Closed xjiangan closed 4 months ago

xjiangan commented 4 months ago

Hi Johan,

First of all, I want to express my gratitude for your recent contributions to the field, particularly your papers DKM and RoMa. They have been a great source of inspiration and motivation for my own research endeavors.

However, while reviewing the accompanying code implementation, I noticed some discrepancies regarding the Coordinate Embedding with random Fourier features because of the default behaviour of pytorch.

Issue Details

In the paper, it's stated that the entries for Fourier basis frequencies are sampled from a normal distribution. It is implemented using a Conv2d layer in pytorch. However, I found that the default initialization for Convolutional weight is Kaiming uniform.

In addition, I found that the Fourier basis frequencies are part of trainable parameters instead of fixed sampling in a previous work

I've visualized the histogram of the pretrained pos_conv weights image

with the following code:

import torch
from torch import nn

from dkm import DKMv3_outdoor
from roma import roma_outdoor

import matplotlib.pyplot as plt
import seaborn as sns
sns.set_style('darkgrid')

device = torch.device('cuda' if torch.cuda.is_available() else 'cpu')
dkm_weight=DKMv3_outdoor(device=device).decoder.gps['16'].pos_conv.weight.detach().cpu().numpy()
roma_weight=roma_outdoor(device=device, coarse_res=560, upsample_res=(864, 1152)).decoder.gps['16'].pos_conv.weight.detach().cpu().numpy()
random_weight=nn.Conv2d(2, 256, kernel_size=(1, 1), stride=(1, 1)).weight.detach().cpu().numpy()

plt.figure(figsize=(8,5))
plt.hist(random_weight.flatten(), bins=25, alpha=0.5,density=True, label='Init',range=(-1.5,1.5))
plt.hist(roma_weight.flatten(), bins=25, alpha=0.5,density=True, label='ROMA',range=(-1.5,1.5))
plt.hist(dkm_weight.flatten(), bins=25, alpha=0.5,density=True, label='DKM',range=(-1.5,1.5))
plt.legend()
plt.title('Histogram of the weights pos_conv')
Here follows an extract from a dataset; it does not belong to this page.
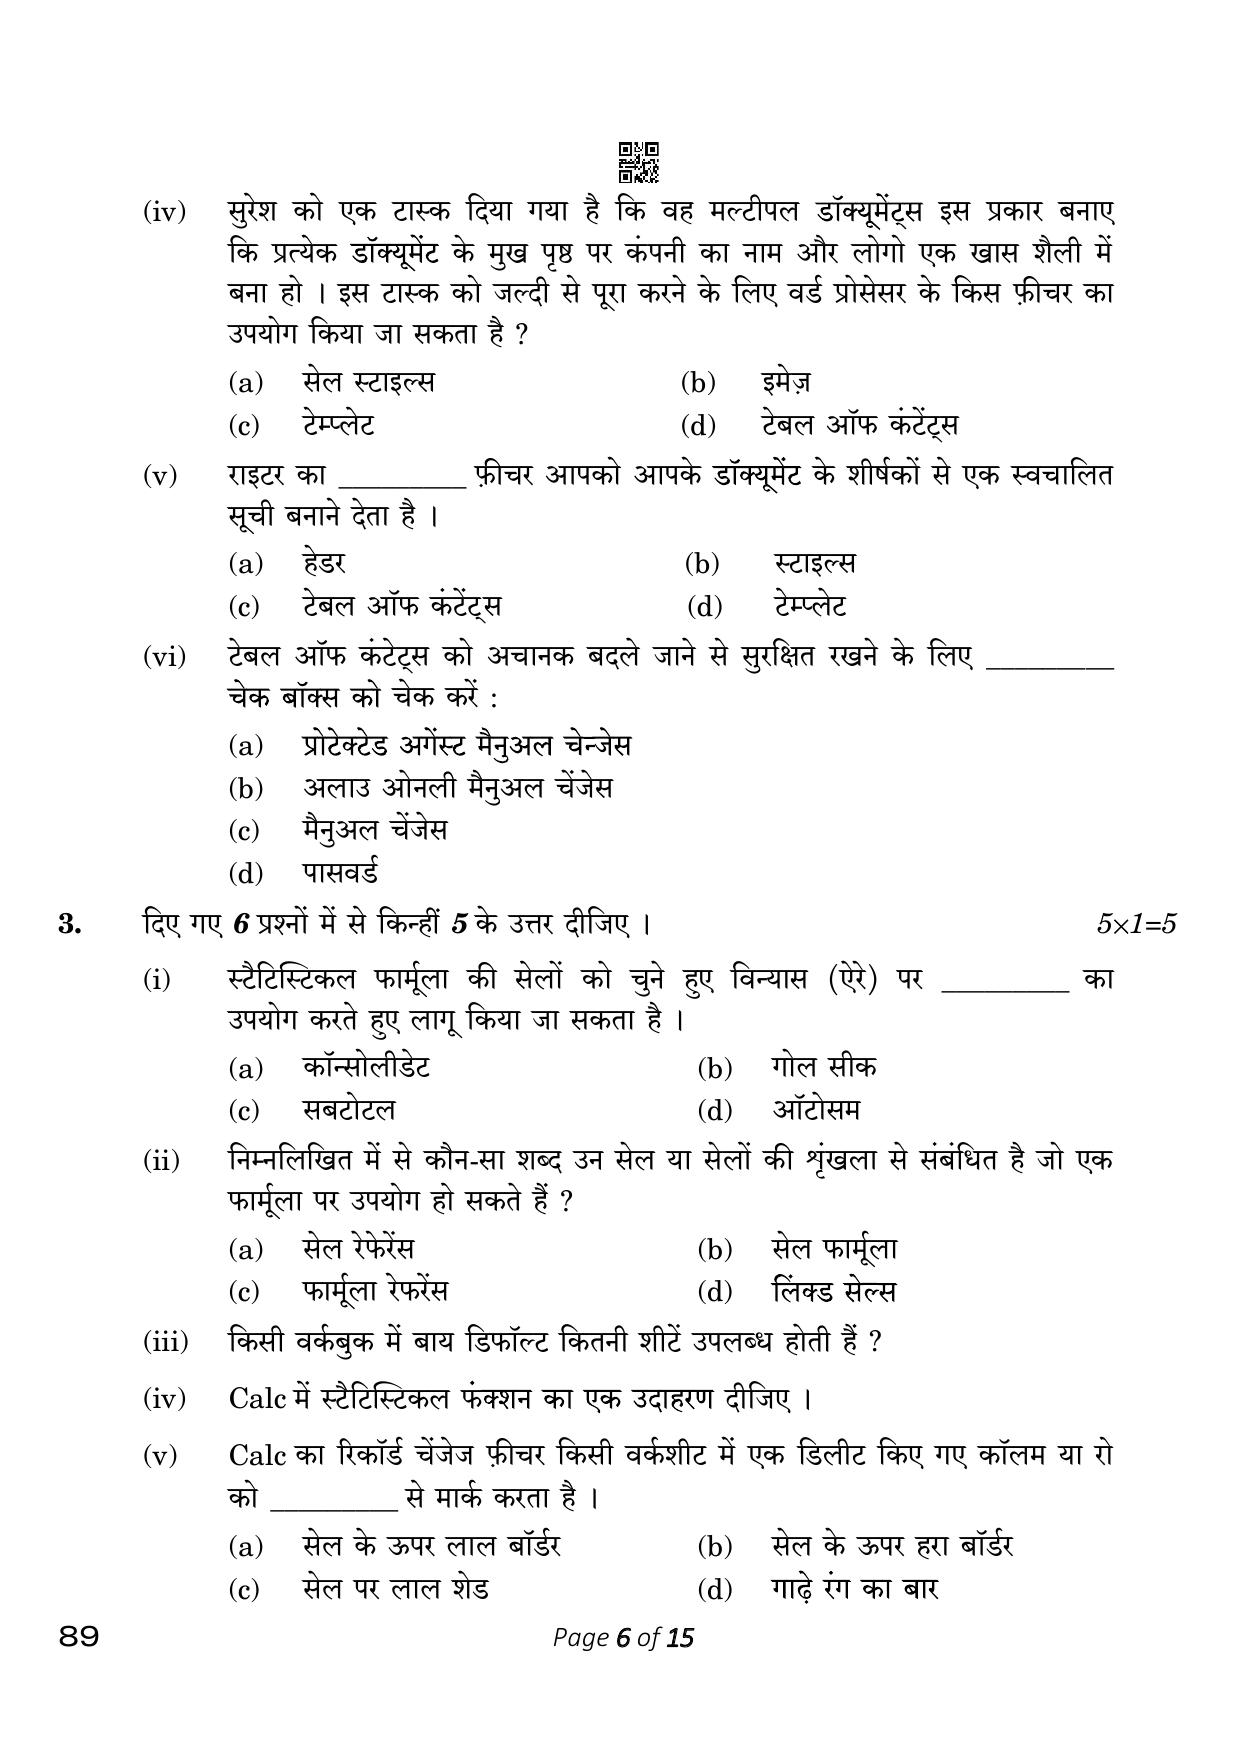 CBSE Class 10 Information Technology (Compartment) 2023 Question Paper - Page 6

The resulting distribution appears more Gaussian, possibly due to the weight decay in the AdamW optimizer, which assumes a normal prior for parameters.

Questions

  1. Would it make a difference to use different distribution for initialization?
  2. Is it necessary to train the Fourier basis instead of fixing it?

Based on insights from a previous work, I suspect that the initialization distribution might not matter greatly, with only the standard deviation being crucial. However, I'm curious about whether training could lead to better Fourier basis frequencies. I would greatly appreciate it if you could further investigate these aspects.

Thank you once again for your exceptional contributions to the field.

Parskatt commented 4 months ago

Hi, thanks for the interesting observation.

Also interesting to see that DKM and RoMa do not seem to converge to the same parameters. As you say, probably the std is the most important param.

Another way you could visualize the embeddings is to scatterplot the (D,2) vectors. This should give some intuition whether its uniform on the circle.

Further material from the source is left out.